Mode 2: Reversal through consolidation. Worth enters a sideways vary and steadily exhausts the power of the prior pattern, effecting a route change by means of the passage of time quite than an abrupt reversal. This mode will probably be mentioned intimately in a future installment.
VI. The Core Thesis: No Pattern, No Divergence
One precept have to be said with absolute readability:
Divergence exists solely inside developments. In consolidation, the idea of divergence doesn’t apply.
Divergence, by definition, is the weakening of pattern momentum. It’s significant solely when a directional pattern is in progress — when successive waves of worth motion may be in contrast when it comes to power. In a consolidation vary, worth motion lacks sustained directionality, and there’s no sequential momentum to check. Making an attempt to use divergence evaluation inside a consolidation vary is a categorical error.
Moreover, it bears repeating: all judgments described right here contain solely two transferring averages and worth motion itself. No technical indicators are required.
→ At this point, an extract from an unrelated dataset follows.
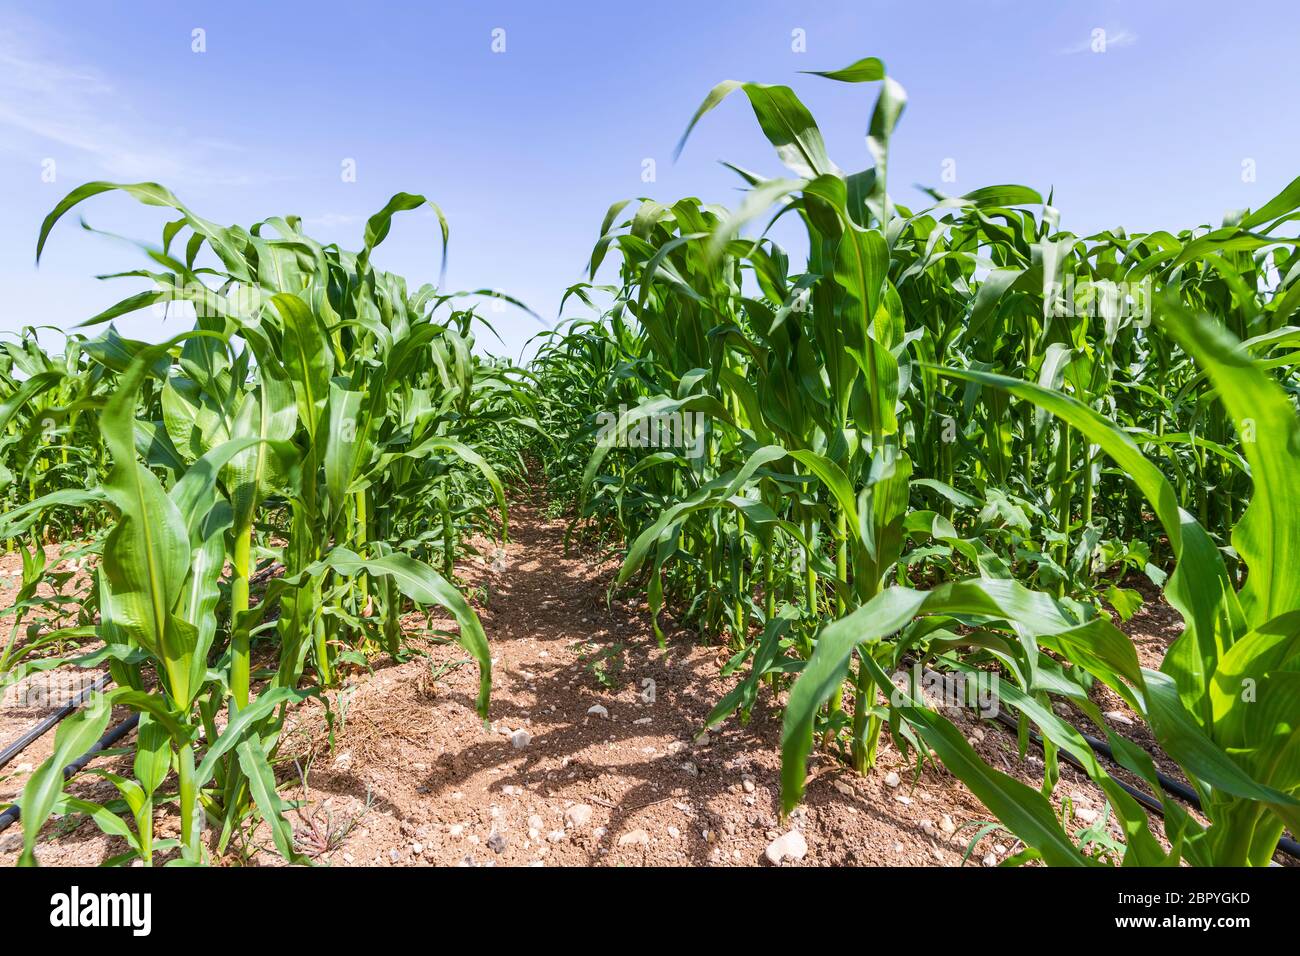 Reihen von jungen grünen Maissprossen auf einem landwirtschaftlichen Feld Stockfoto

Indicators could function supplementary references, however they aren’t the idea for any dedication.
VII. Tips on how to Determine Divergence
To make divergence identification exact, a proper idea is launched:
Pattern Impulse Power: The world enclosed between the short-term MA and the long-term MA, measured from the tip of 1 MA interplay to the start of the subsequent.
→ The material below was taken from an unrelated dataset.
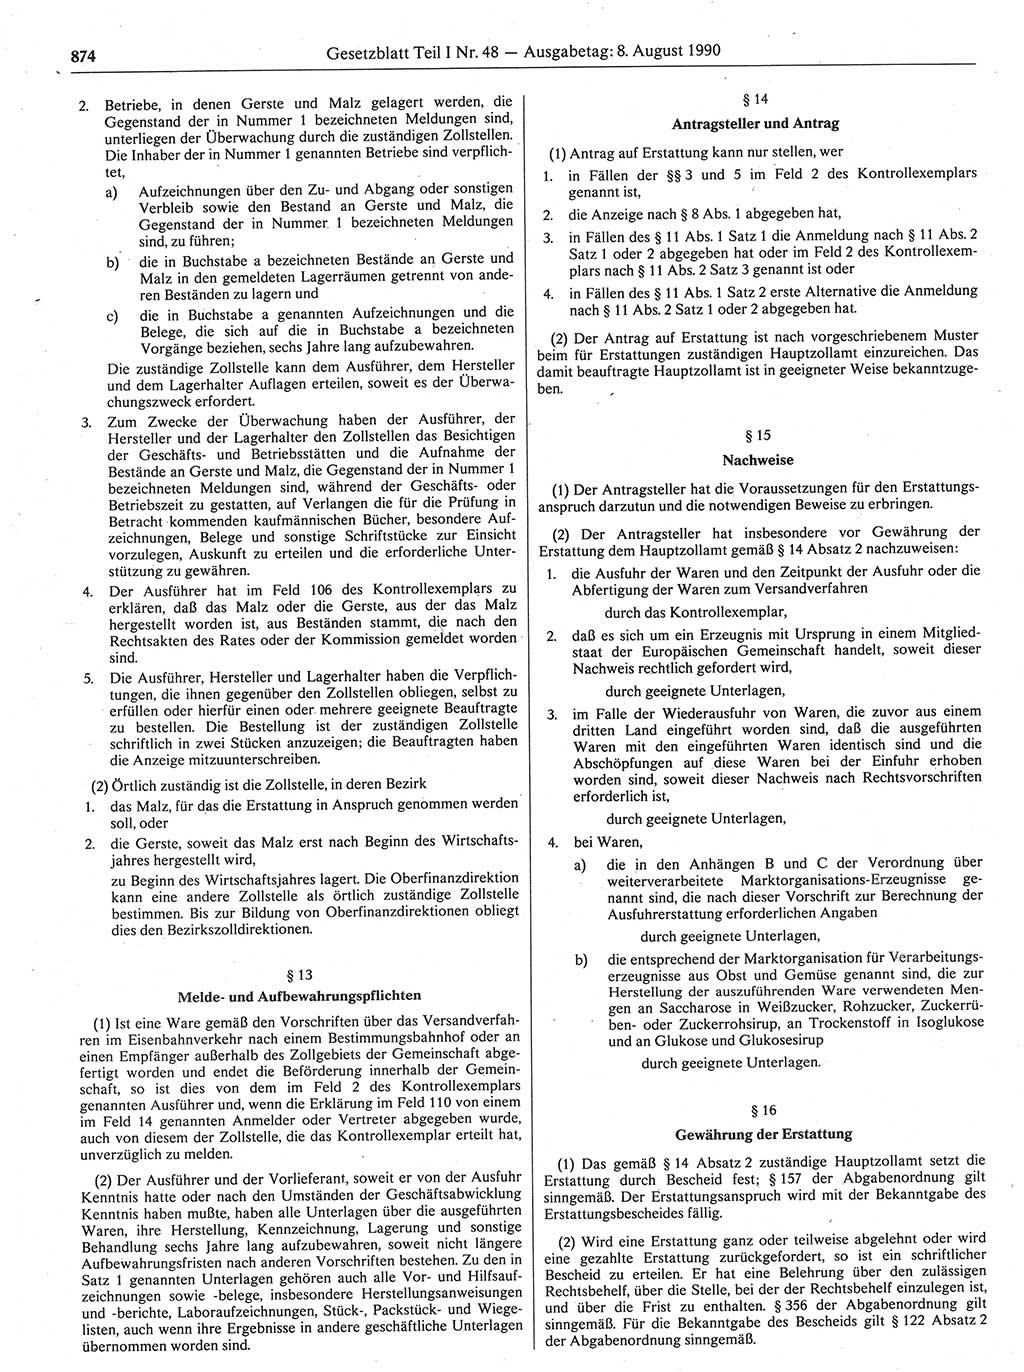 Gesetzblatt (GBl.) der Deutschen Demokratischen Republik (DDR) Teil Ⅰ 1990, Seite 874 (GBl. DDR Ⅰ 1990, S. 874)

When two consecutive impulses transfer in the identical route, and the second impulse’s Pattern Impulse Power is weaker than the primary (i.e., the enclosed space is smaller), divergence is confirmed.
That is probably the most dependable technique, however it has one disadvantage: affirmation can solely happen after the following MA interplay has begun, by which level the worth has already moved far from the precise turning level.
How can this lag be mitigated?
Technique 1: Drop to a decrease timeframe. Look at the subsequent decrease timeframe’s chart and apply the identical methodology to determine the corresponding turning level. As a result of indicators seem earlier on shorter timeframes, the recognized level will probably be a lot nearer to the true excessive.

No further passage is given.